*** Opening EXERCISE MATERIALS ***

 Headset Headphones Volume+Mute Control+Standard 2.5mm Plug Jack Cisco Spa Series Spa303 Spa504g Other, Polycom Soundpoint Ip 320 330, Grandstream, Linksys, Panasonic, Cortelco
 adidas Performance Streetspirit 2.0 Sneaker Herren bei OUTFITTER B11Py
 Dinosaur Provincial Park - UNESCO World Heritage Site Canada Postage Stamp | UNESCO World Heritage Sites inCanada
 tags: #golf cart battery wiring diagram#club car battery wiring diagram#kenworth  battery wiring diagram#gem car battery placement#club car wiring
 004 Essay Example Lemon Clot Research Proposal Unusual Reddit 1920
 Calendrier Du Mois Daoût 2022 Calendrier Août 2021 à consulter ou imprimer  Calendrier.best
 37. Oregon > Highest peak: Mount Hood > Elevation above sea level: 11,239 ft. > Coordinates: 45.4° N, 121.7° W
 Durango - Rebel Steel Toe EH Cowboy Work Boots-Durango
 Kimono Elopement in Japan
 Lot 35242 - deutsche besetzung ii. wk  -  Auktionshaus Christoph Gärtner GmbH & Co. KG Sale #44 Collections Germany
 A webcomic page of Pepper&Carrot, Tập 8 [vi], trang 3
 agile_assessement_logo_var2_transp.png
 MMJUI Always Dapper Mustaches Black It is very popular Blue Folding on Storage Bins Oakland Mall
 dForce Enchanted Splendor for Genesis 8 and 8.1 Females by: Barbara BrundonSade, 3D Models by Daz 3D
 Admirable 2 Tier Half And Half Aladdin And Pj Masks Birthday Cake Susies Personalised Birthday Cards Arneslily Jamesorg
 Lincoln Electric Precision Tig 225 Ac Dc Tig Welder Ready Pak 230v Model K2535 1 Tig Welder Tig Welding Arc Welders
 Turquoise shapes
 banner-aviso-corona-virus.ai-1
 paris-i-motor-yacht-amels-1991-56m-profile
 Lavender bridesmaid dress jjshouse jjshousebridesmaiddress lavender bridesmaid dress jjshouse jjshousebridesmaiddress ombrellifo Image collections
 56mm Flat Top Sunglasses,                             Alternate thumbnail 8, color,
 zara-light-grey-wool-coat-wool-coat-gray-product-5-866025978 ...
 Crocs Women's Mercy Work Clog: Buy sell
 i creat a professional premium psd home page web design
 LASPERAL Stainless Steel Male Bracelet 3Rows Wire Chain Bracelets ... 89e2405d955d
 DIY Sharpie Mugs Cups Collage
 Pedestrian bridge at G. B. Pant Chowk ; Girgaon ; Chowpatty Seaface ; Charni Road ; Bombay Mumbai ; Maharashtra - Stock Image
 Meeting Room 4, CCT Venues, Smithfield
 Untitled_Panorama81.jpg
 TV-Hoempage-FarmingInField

*** Closing EXERCISE MATERIALS ***

PROBLEM: Every record should be given again without alteration.

REPLY:
 Headset Headphones Volume+Mute Control+Standard 2.5mm Plug Jack Cisco Spa Series Spa303 Spa504g Other, Polycom Soundpoint Ip 320 330, Grandstream, Linksys, Panasonic, Cortelco
 adidas Performance Streetspirit 2.0 Sneaker Herren bei OUTFITTER B11Py
 Dinosaur Provincial Park - UNESCO World Heritage Site Canada Postage Stamp | UNESCO World Heritage Sites inCanada
 tags: #golf cart battery wiring diagram#club car battery wiring diagram#kenworth  battery wiring diagram#gem car battery placement#club car wiring
 004 Essay Example Lemon Clot Research Proposal Unusual Reddit 1920
 Calendrier Du Mois Daoût 2022 Calendrier Août 2021 à consulter ou imprimer  Calendrier.best
 37. Oregon > Highest peak: Mount Hood > Elevation above sea level: 11,239 ft. > Coordinates: 45.4° N, 121.7° W
 Durango - Rebel Steel Toe EH Cowboy Work Boots-Durango
 Kimono Elopement in Japan
 Lot 35242 - deutsche besetzung ii. wk  -  Auktionshaus Christoph Gärtner GmbH & Co. KG Sale #44 Collections Germany
 A webcomic page of Pepper&Carrot, Tập 8 [vi], trang 3
 agile_assessement_logo_var2_transp.png
 MMJUI Always Dapper Mustaches Black It is very popular Blue Folding on Storage Bins Oakland Mall
 dForce Enchanted Splendor for Genesis 8 and 8.1 Females by: Barbara BrundonSade, 3D Models by Daz 3D
 Admirable 2 Tier Half And Half Aladdin And Pj Masks Birthday Cake Susies Personalised Birthday Cards Arneslily Jamesorg
 Lincoln Electric Precision Tig 225 Ac Dc Tig Welder Ready Pak 230v Model K2535 1 Tig Welder Tig Welding Arc Welders
 Turquoise shapes
 banner-aviso-corona-virus.ai-1
 paris-i-motor-yacht-amels-1991-56m-profile
 Lavender bridesmaid dress jjshouse jjshousebridesmaiddress lavender bridesmaid dress jjshouse jjshousebridesmaiddress ombrellifo Image collections
 56mm Flat Top Sunglasses,                             Alternate thumbnail 8, color,
 zara-light-grey-wool-coat-wool-coat-gray-product-5-866025978 ...
 Crocs Women's Mercy Work Clog: Buy sell
 i creat a professional premium psd home page web design
 LASPERAL Stainless Steel Male Bracelet 3Rows Wire Chain Bracelets ... 89e2405d955d
 DIY Sharpie Mugs Cups Collage
 Pedestrian bridge at G. B. Pant Chowk ; Girgaon ; Chowpatty Seaface ; Charni Road ; Bombay Mumbai ; Maharashtra - Stock Image
 Meeting Room 4, CCT Venues, Smithfield
 Untitled_Panorama81.jpg
 TV-Hoempage-FarmingInField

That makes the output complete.